Vauquelin discovered la terre du beril in 1797. Hauy had emphasised the close resemblance between beryl and the emerald; Vauquelin examined the two minerals carefully and proved their chemical identity - confirming an opinion mentioned by Pliny. Klap- roth had found in them silica, alumina, and ferric oxide; their present constitution, double silicates of beryllium and aluminium, 3BeO.Al2O3.6SiO2, is the result of Vauquelin's discovery that the alumina was accompanied by beryllia. He discovered the new oxide by its deposition from a boiling solution of potassium hydroxide, and distinguished it from alumina mainly by its solubility in ammonium carbonate, his failure to obtain potash alum from it, its higher basicity, its complete precipitation by ammonia, and by the sweetness of its salts, as well as by a number of other differences. Subsequent research has fully confirmed his discovery.

A tendency soon developed to call the new earth "glucine," because its salts were sweet, and Vauquelin's own name for it, derived from its source, was superseded in France by the newer term. "Beryllerde " was, however, preferred in Germany, because sweet salts were not peculiar to the new earth. The names " glucinum " and " beryllium " were subsequently adapted from the original terms to denote the metal itself, and both are still in use.

Thirty years after Vauquelin's isolation of beryllia, Bussy and Wohler, working independently, isolated the metal itself by reducing the chloride with metallic potassium.

Towards the end of the nineteenth century electrolytic methods for isolating beryllium were discovered, and the metal is now usually prepared by electrolysing its compounds in the presence of a fluoride.
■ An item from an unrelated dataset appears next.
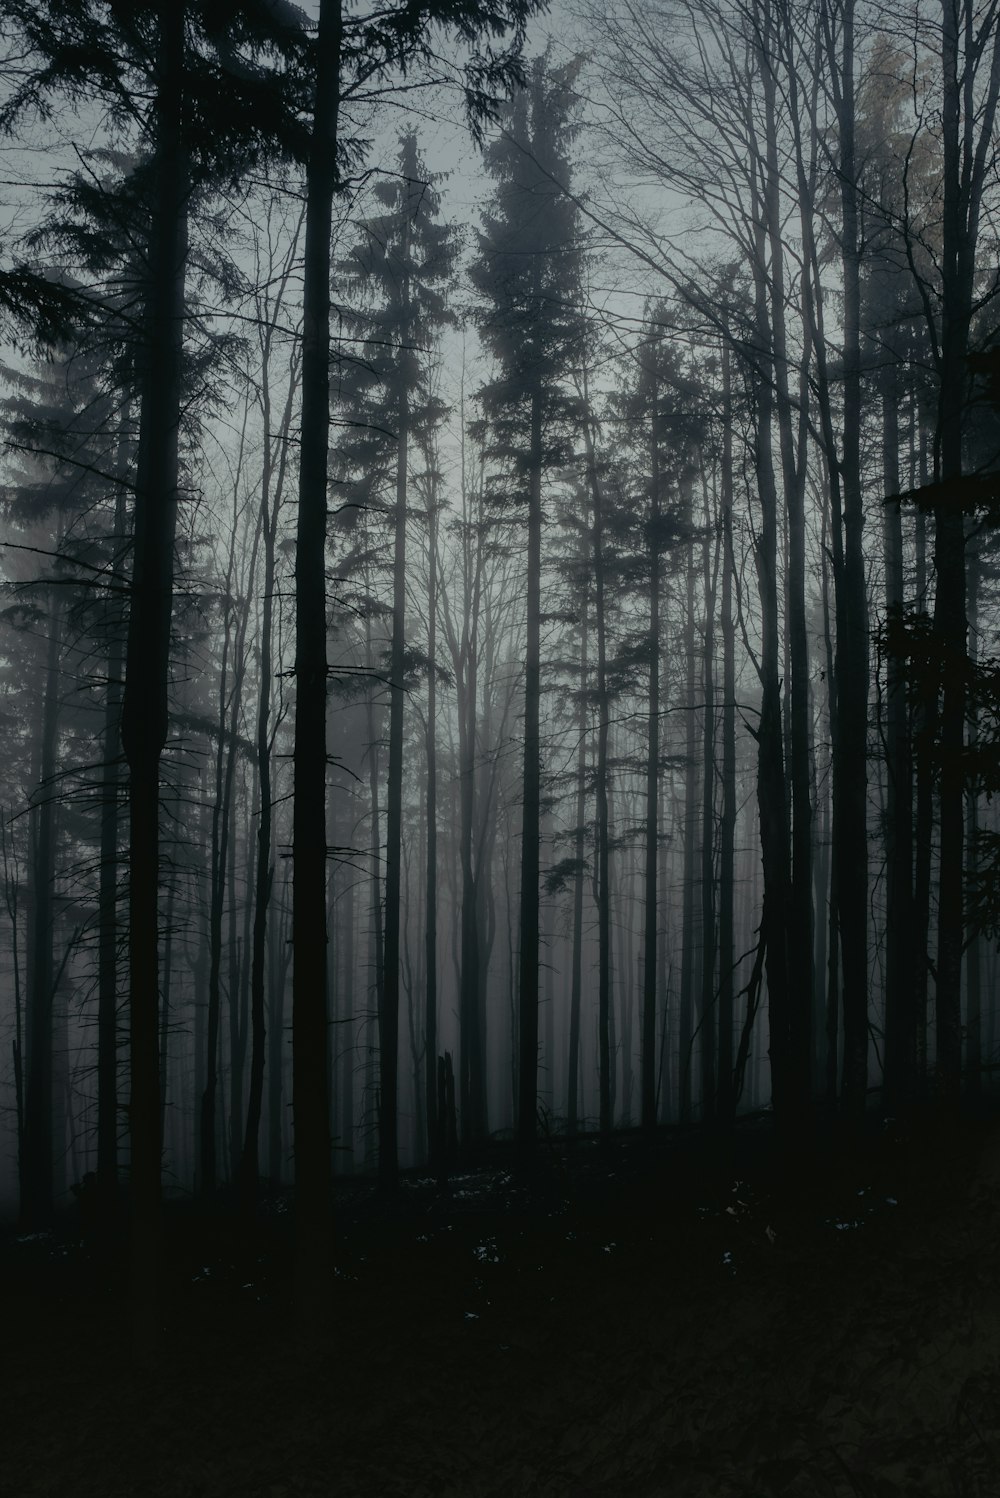 grayscale photo of forest trees
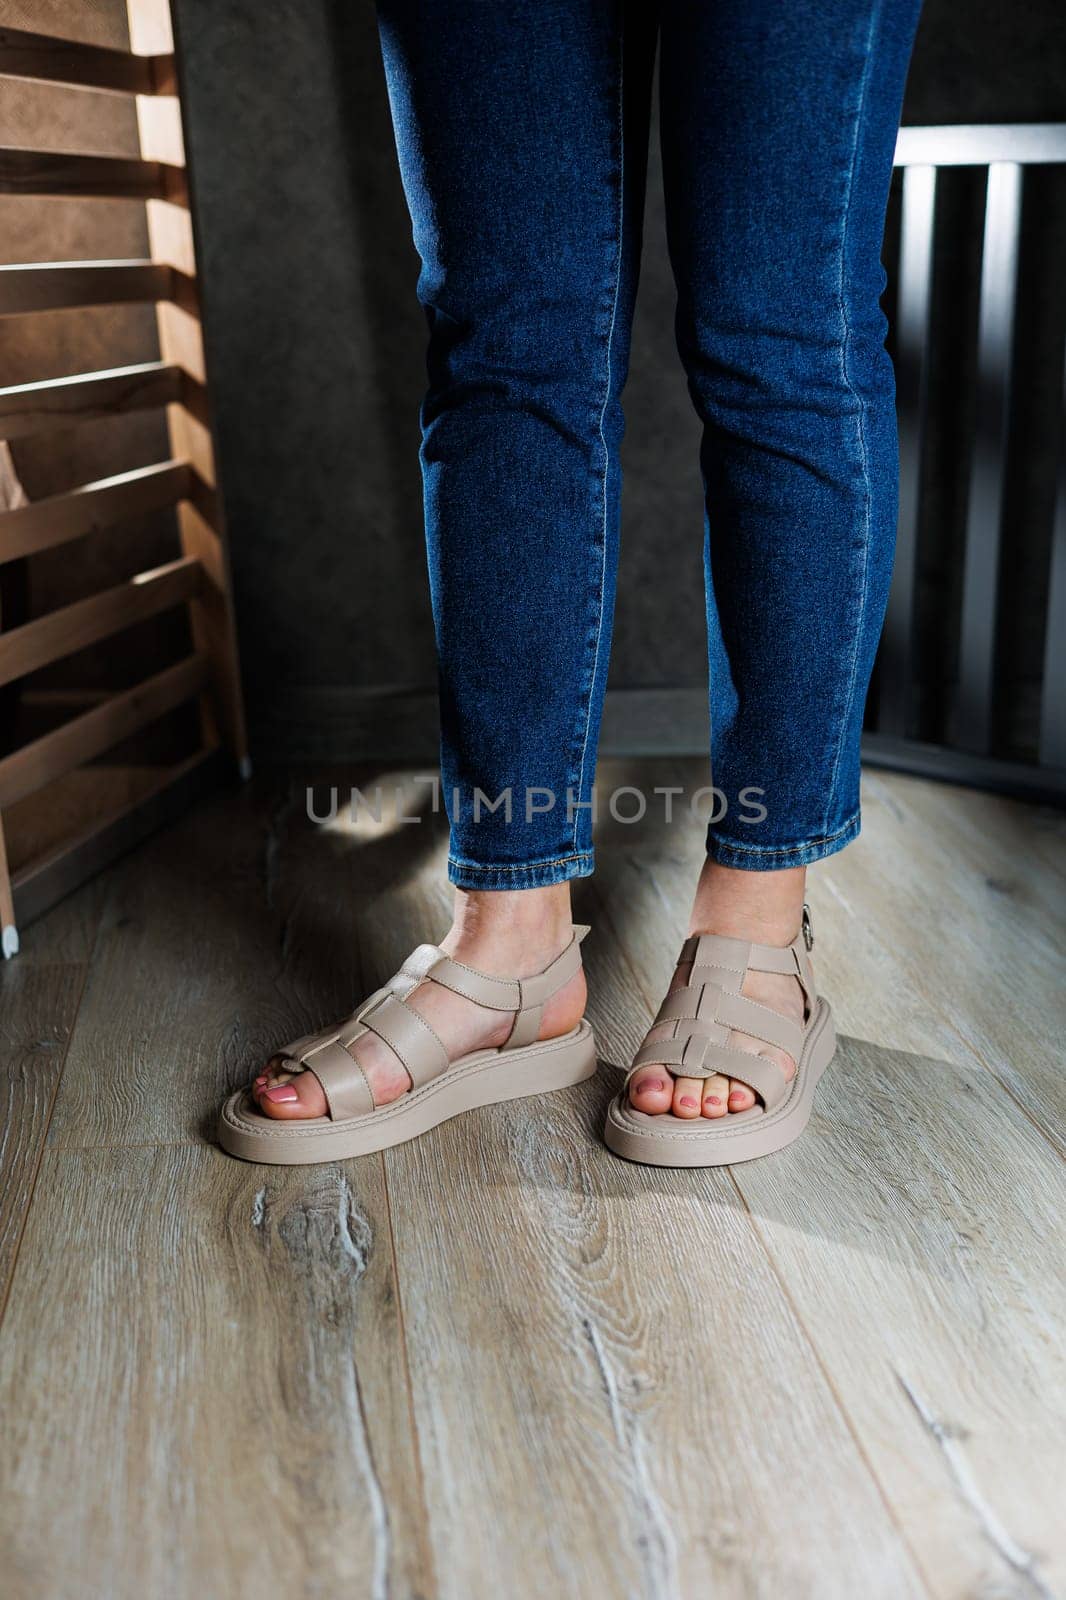 Summer women's sandals. Collection of women's leather summer sandals. Slender female legs in beige leather sandals without heels. by Dmitrytph

In 1916 it was obtained of 99.5 per cent, purity.

Since beryllium is intimately associated with aluminium in nature and resembles it in many ways, it was natural to assume its trivalency, but, after a long controversy, the determination of the vapour density of its chloride by Nilson and Pettersson, in 1884 and 1886, indicated that it was divalent, like magnesium. Humpidge confirmed this result in 1885, and drew the same conclusion from his determination of the vapour density of the bromide. The run of the data in the light of the Periodic Classification and modern methods of checking or determining atomic weights clearly indicate for beryllium an atomic weight of about 9.1 and a valency of 2. Anode-ray analysis indicates that beryllium is a " simple element " with an atomic weight of 9.0 ± 0.1 (Na = 23).

Beryllium Occurrence

Beryllium as well as its neighbors, lithium and boron, is relatively low-abundant in the Earth crust, its concentration is approx. 2x10-4%. In spite of that beryllium is not a trace element. Beryllium is found in a number of minerals such as beryl in pegmatite surface deposits, crystallized in the granite domes. It is known about gigantic beryl crystals 1 meter long and with weight several tons.

Beryllium is an essential constituent of about 54 minerals, the most important of which is beryl [Be3Al2(SiO3)6]. It forms many colored varieties. Aquamarine and emerald are precious forms of beryl. Emerald is colored green by 2% of chromium. Aquamarine has a delicate blue or turquoise color due to iron (II) impurities. If it contains manganese instead of chromium, beryl becomes pink morganite, and iron (III) ions make the beryl, called heliodor, yellow.

The most important industrial beryllium minerals are also phenakite 2BeOSiO2, bertrandite (Be4Si2O7(OH)2), and helvite (Mn,Fe,Zn)4[BeSiO4]3S. On average, world's beryllium resources are estimated more than 80 thousand tons (corresponding to the beryllium content) 65% of which are localized in the USA. The main deposits are in Spor Mountain, Utah, which is the main supplier of bertrandite ore in the world, approximately 19 thousand tons in the end of 2000. There is an insignificant amount of beryl in the USA. In other countries the biggest suppliers of beryllium are China, Russia and Kazakhstan.

Beryllium apparently does not play any significant role in living processes. Its content in the average human being organism is approximately 0.036 mg, each intake with the food - around 0.01 mg.